Paste the following into a new code block & run it to initialize Vertex AI.

In [2]:
PROJECT_ID = "qwiklabs-gcp-04-f4e926e31c52"
LOCATION = "us-central1"
import vertexai
vertexai.init(project=PROJECT_ID, location=LOCATION)

# Explore example data and use it to generate content

Run this line in a new code cell (by pasting the code and hitting Shift + Return) to download some example data.

In [3]:
!gcloud storage cp gs://partner-genai-bucket/genai065/apartment_table.csv .

Copying gs://partner-genai-bucket/genai065/apartment_table.csv to file://./apartment_table.csv


Load it into a Pandas DataFrame, and view the first few rows:

You should see a table like this, presenting data about apartments in New York City, including how many bedrooms they have, how large they are (measured in square feet, identified in this dataset as “Sqft”), whether the building has an elevator, and other attributes of an apartment.

In [4]:
apartment_df = pd.read_csv("apartment_table.csv")
apartment_df.head()

Unnamed: 0,Address,Unit,Sqft,Bedrooms,Elevator,Washer & Dryer in Unit,Pets Allowed,Notable features
0,"123 West 14th Street, New York, NY 10014",2E,550,2,yes,no,yes,"doorman, pool in the building, shared roof deck with grills"
1,"456 East 57th Street, New York, NY 10022",1A,789,1,no,yes,no,"bike room, package service"
2,"789 Broadway, New York, NY 10003",C,999,3,yes,yes,yes,"excellent laundry room, great city views"
3,"1011 5th Avenue, New York, NY 10028",30,1024,2,no,no,yes,"great view of Central Park, high ceilings"
4,"2222 Park Avenue, New York, NY 10017",4F,1234,1,no,yes,no,right next to soccer fields at the park


Notice in particular the “Notable features” column, in which unstructured notes from a real estate agent have been captured to describe other selling points of each apartment. You will have a model generate apartment listing descriptions based on these structured and unstructured fields, and then you will measure how well the model sticks to the information in these fields when generating listing descriptions.

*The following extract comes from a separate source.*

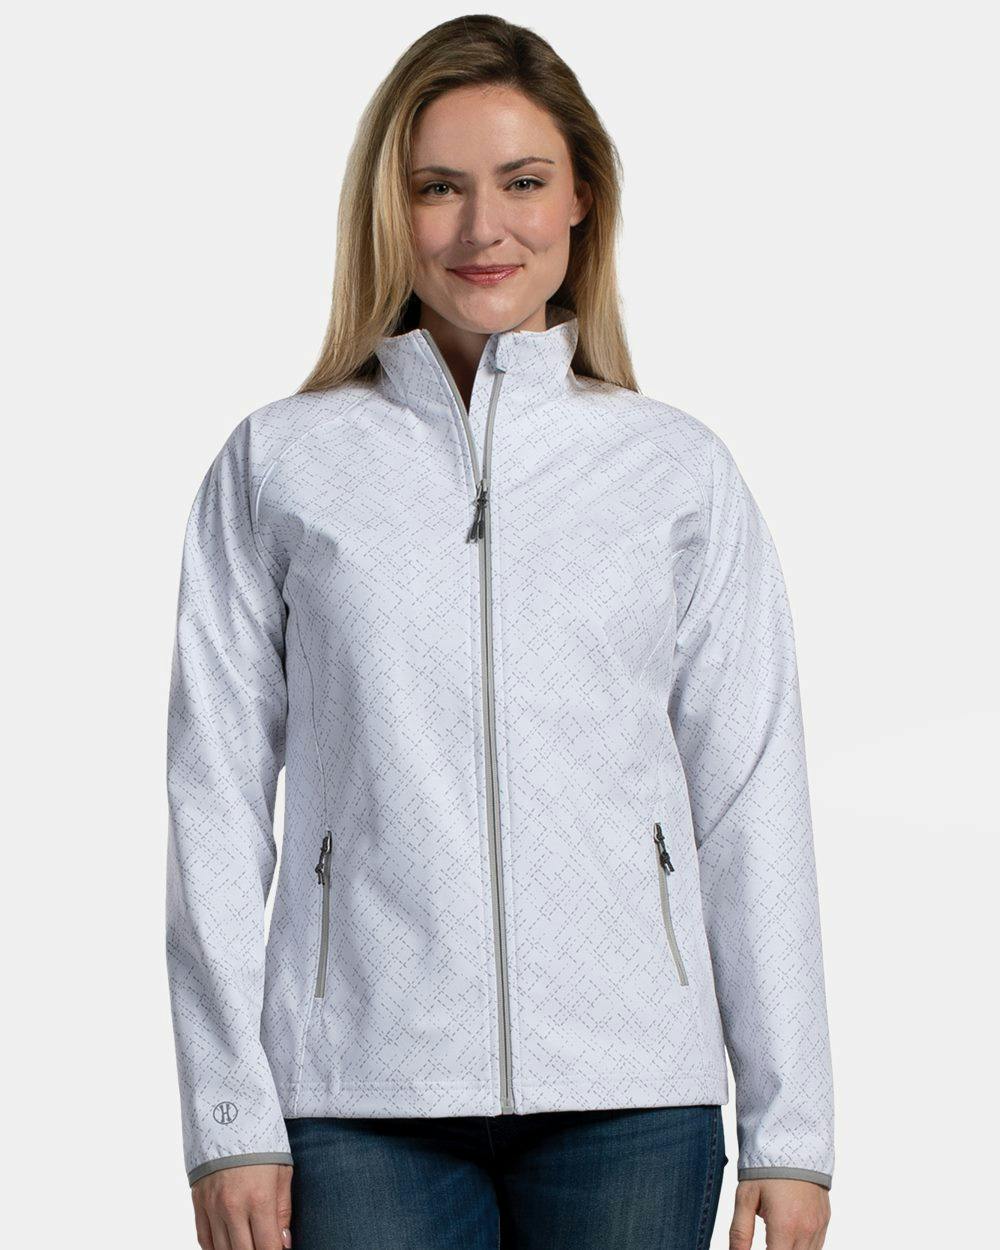 Image for Women's Featherlight Softshell Jacket - 229721

Restructure the data into a list of records with keys identified for each record, and view the first record.

In [5]:
apartment_records = apartment_df.to_dict(orient='records')
apartment_records[0]

{'Address': '123 West 14th Street, New York, NY 10014',
 'Unit': '2E',
 'Sqft': 550,
 'Bedrooms': 2,
 'Elevator': 'yes',
 'Washer & Dryer in Unit': 'no',
 'Pets Allowed': 'yes',
 'Notable features': 'doorman, pool in the building, shared roof deck with grills'}

Now it’s time to generate some text. Instantiate a generative model, define a prompt with some instructions for it, and generate content based on the example data:

The model will have generated some text like what you see below. You can compare the content to the record dictionary you saw above to see that features like the number of bedrooms and the square footage are included. Multiple details from the unstructured notes (the doorman, the pool, the grills on the roof deck) are also included.

In [7]:
model = GenerativeModel(
  "gemini-2.0-flash-001",
  generation_config={
      "temperature": 0,
      "top_p": 0.4,
  },
)

prompt = "Write a one paragraph apartment listing to promote this apartment. Make it sound amazing: "

# View the response using Markdown to format it nicely for notebook viewing
Markdown(model.generate_content(prompt + str(apartment_records[0])).text)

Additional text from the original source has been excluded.